:: Supplied information ::
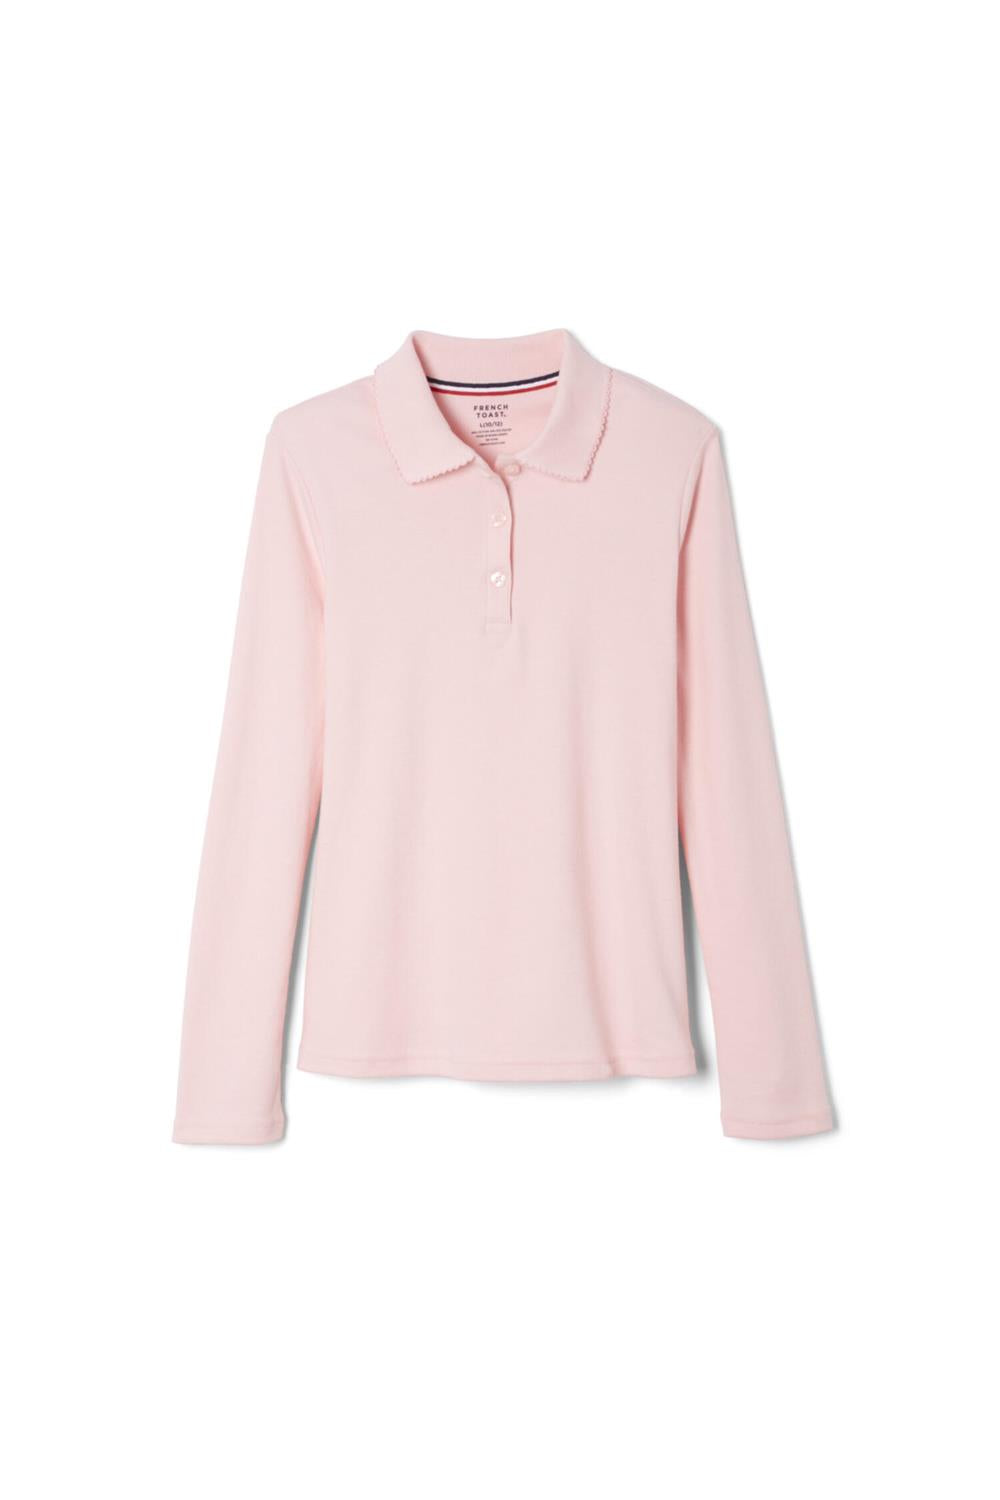 French Toast Girls 7-20 Long Sleeve Interlock Polo with Picot Collar
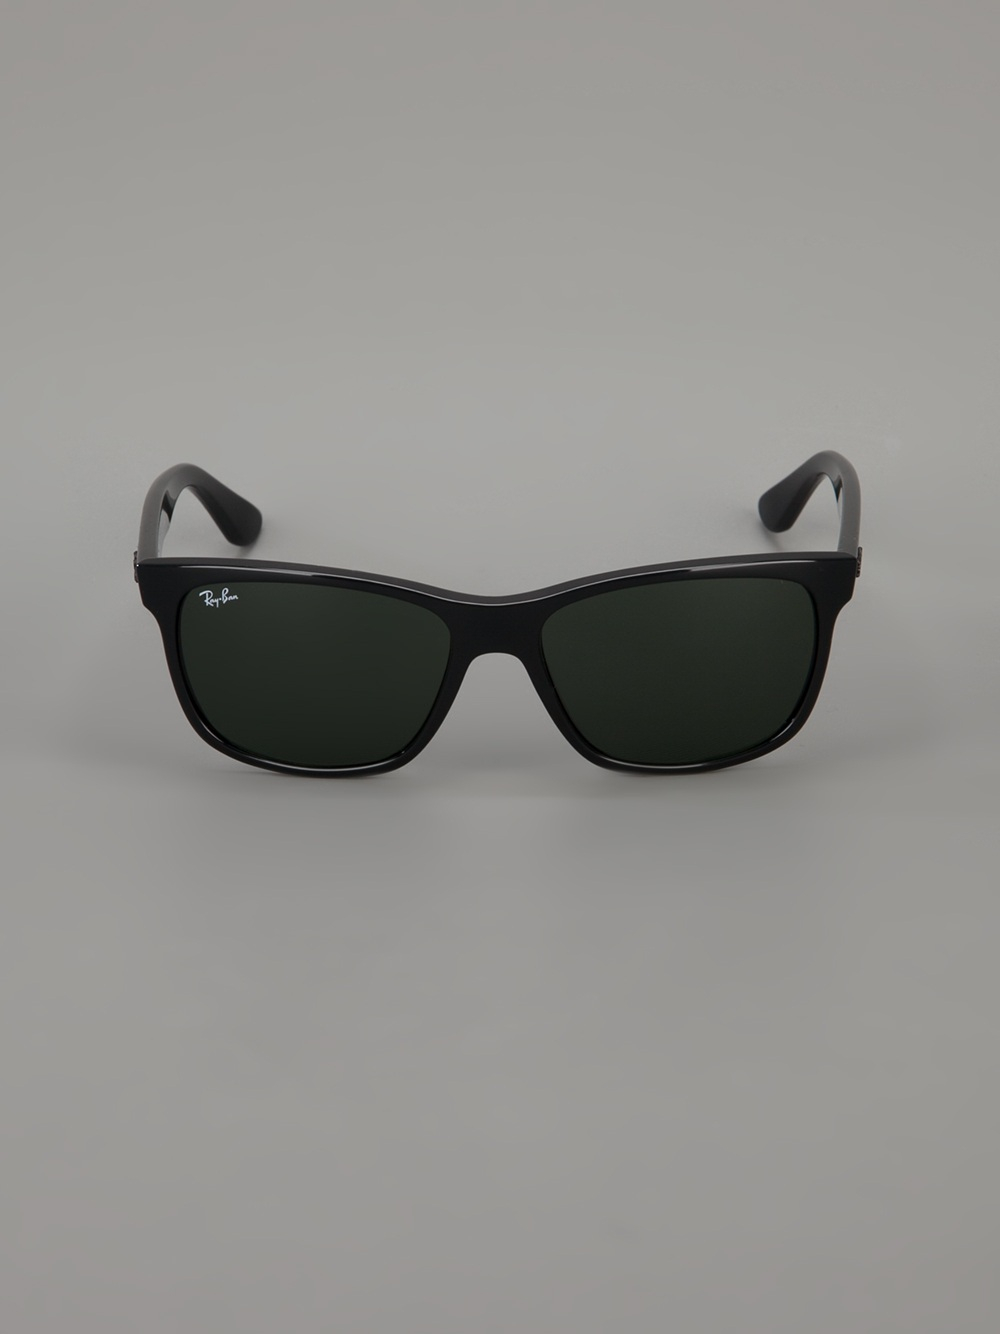 Ray-Ban Flat Top Sunglasses in Black for Men - Lyst
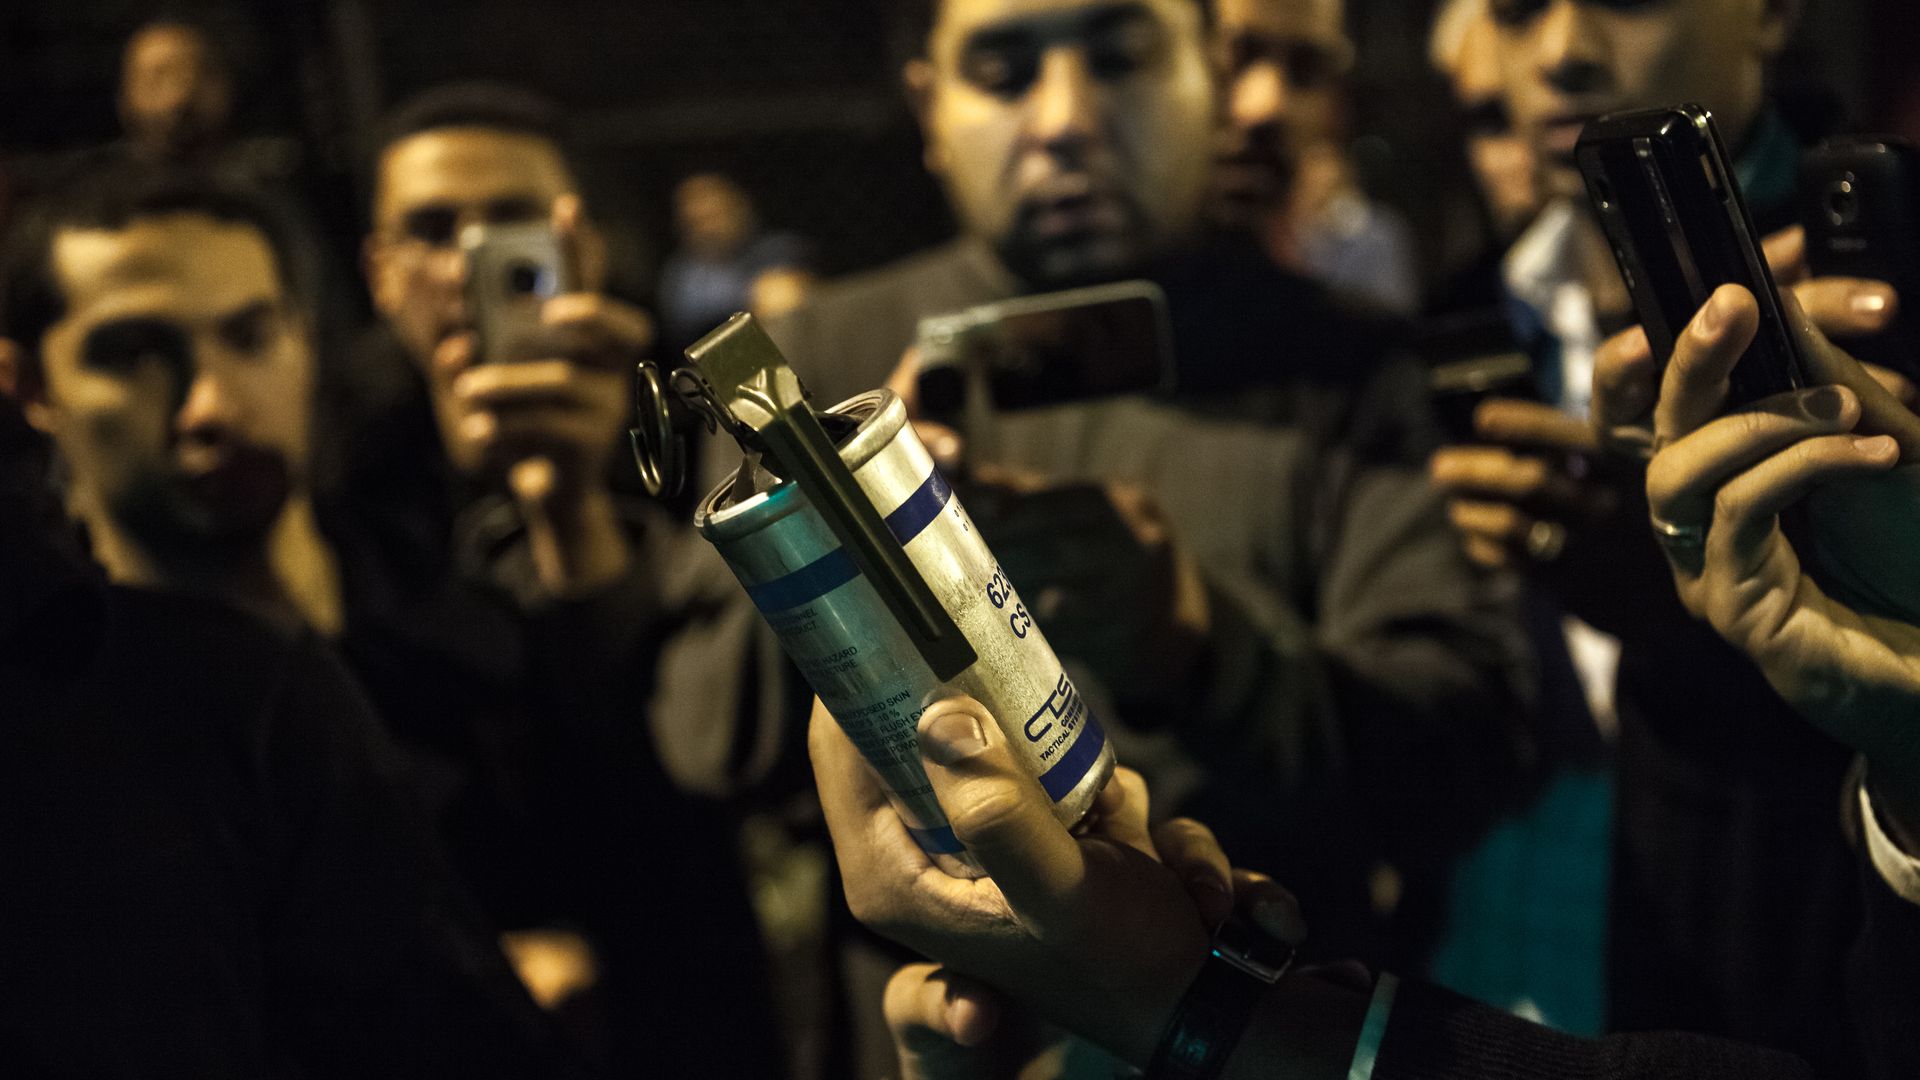 Protesters in Cairo use cell phones to photograph a tear gas container in 2011. Photo: Karimphoto via Getty Images
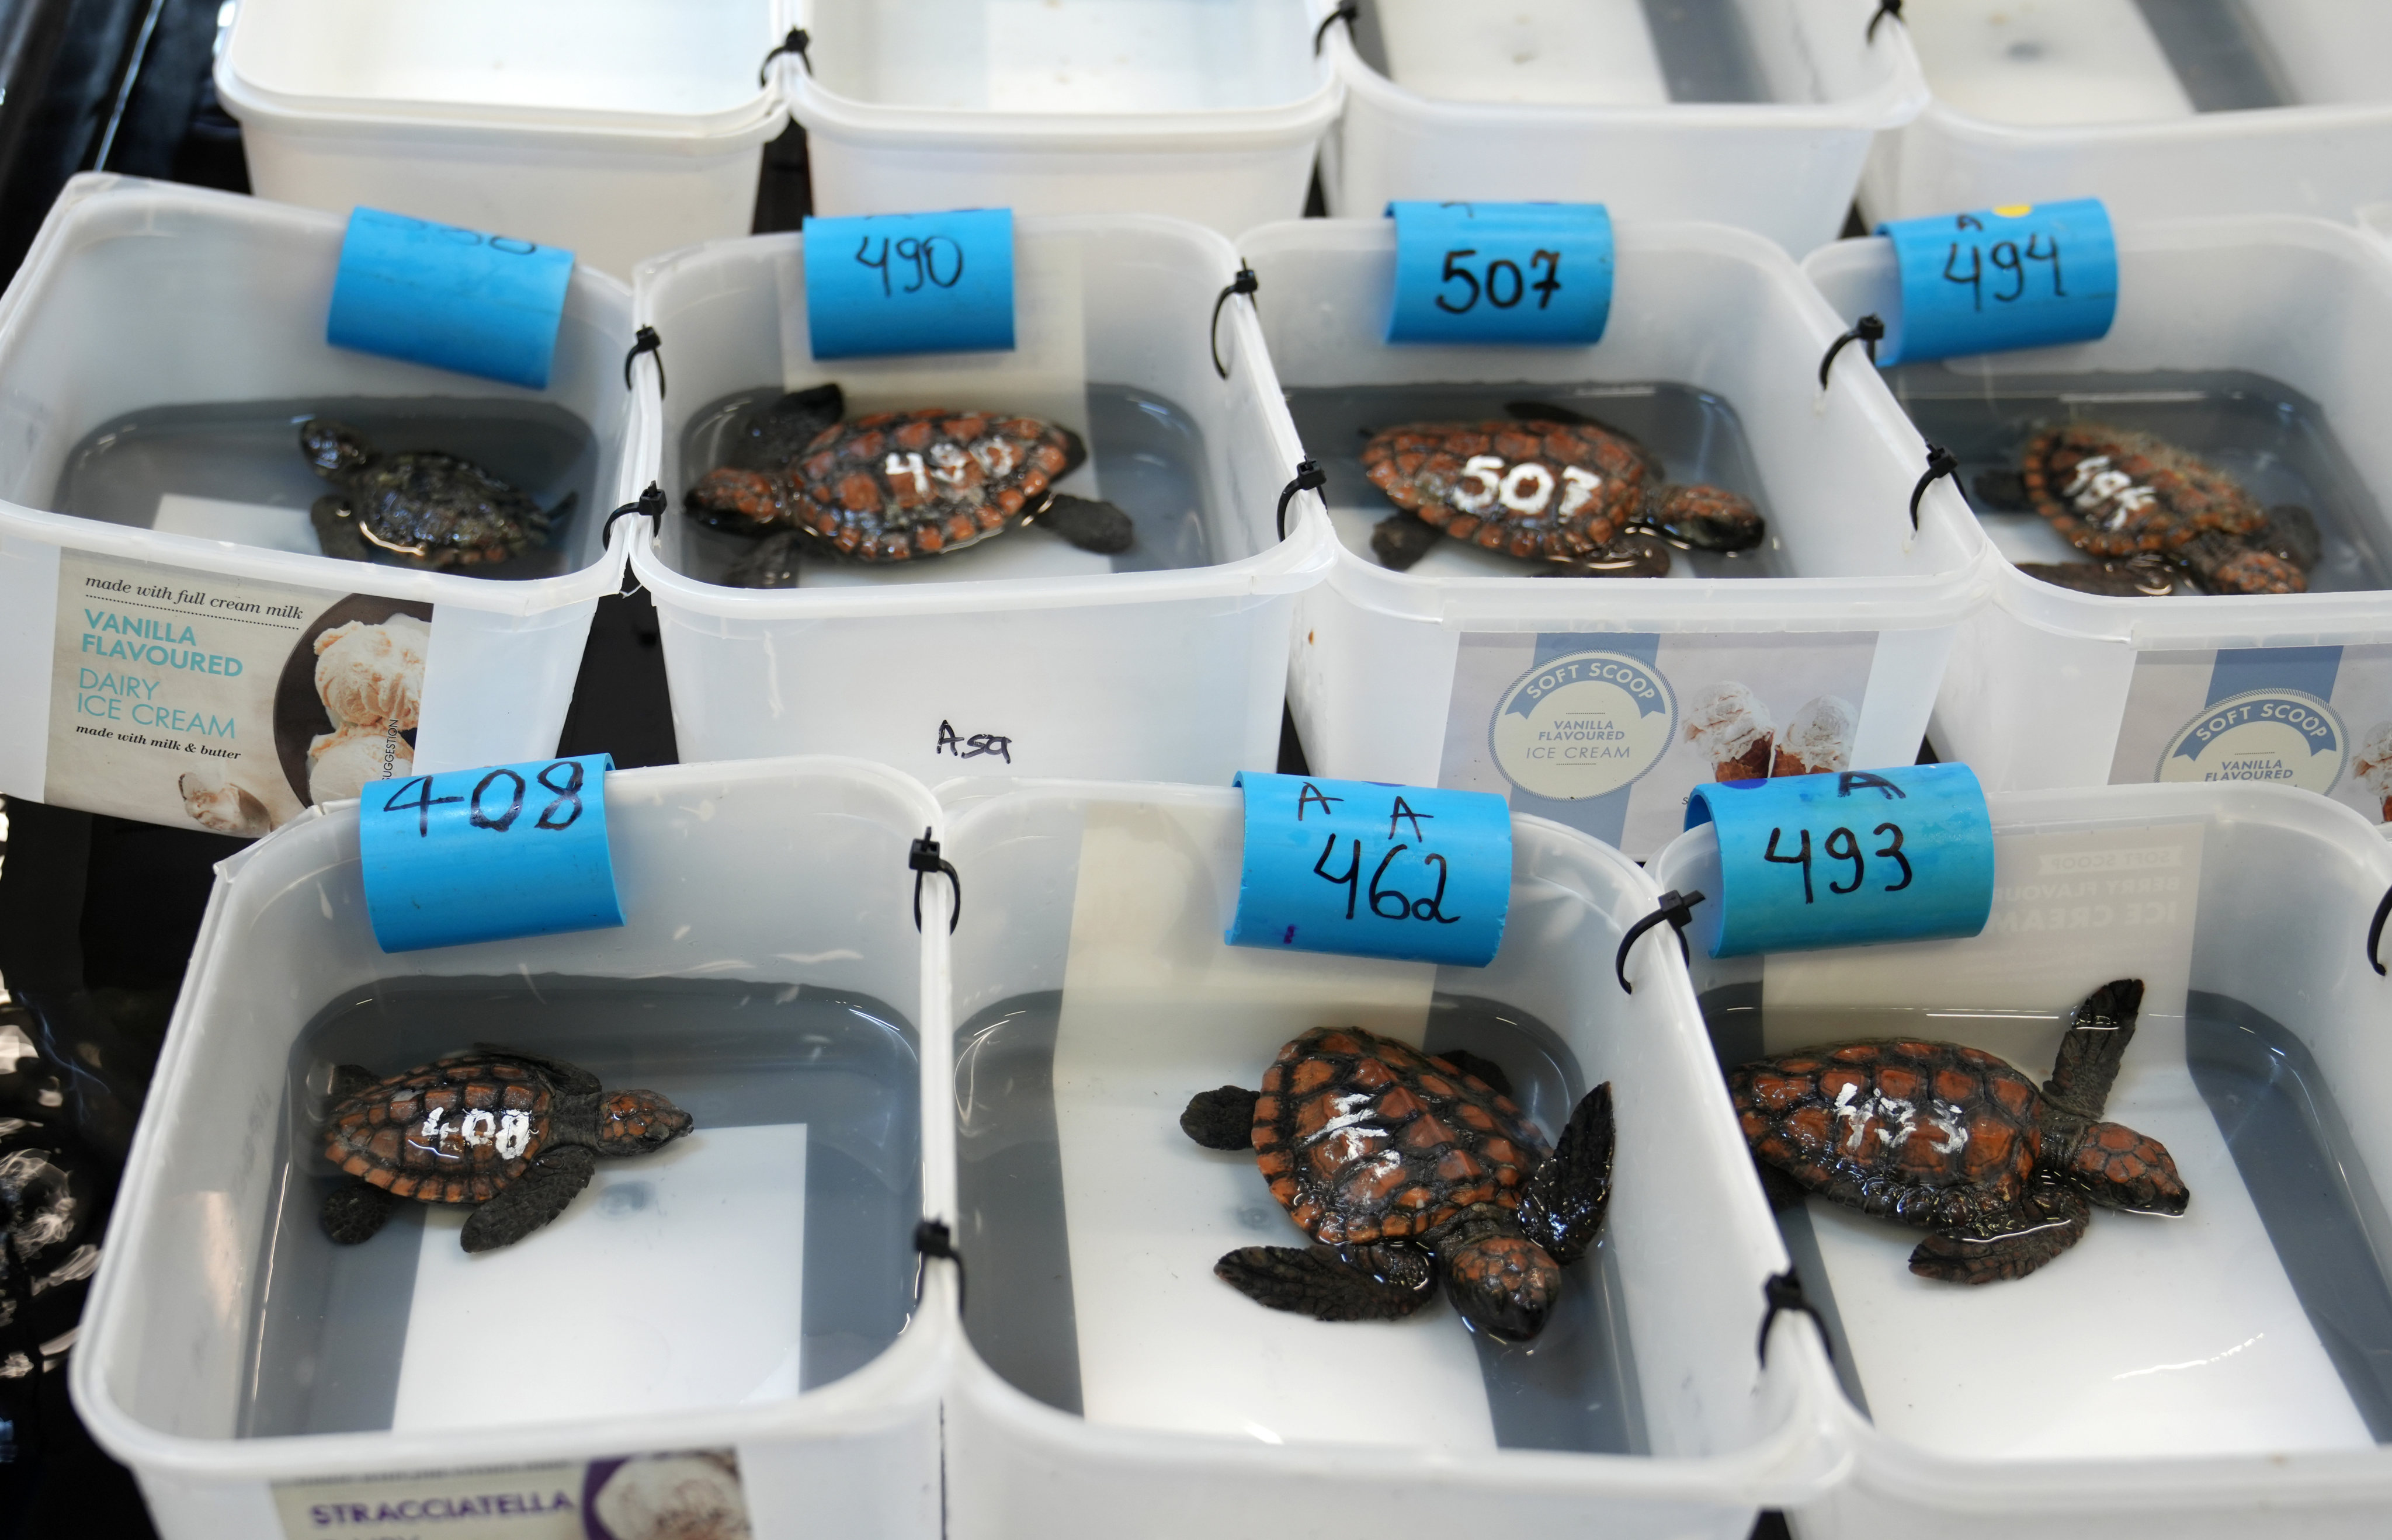 Turtle hatchlings at the Turtle Conservation Centre at the Two Oceans Aquarium in Cape Town. Photo: AP

:: Aim of the exercise ::
Copy out each line of the data exactly as it reads; skip the pictures.

:: Answer for the task ::
 French Toast Girls 7-20 Long Sleeve Interlock Polo with Picot Collar
 Ray-Ban Flat Top Sunglasses in Black for Men - Lyst
 Protesters in Cairo use cell phones to photograph a tear gas container in 2011. Photo: Karimphoto via Getty Images
 Turtle hatchlings at the Turtle Conservation Centre at the Two Oceans Aquarium in Cape Town. Photo: AP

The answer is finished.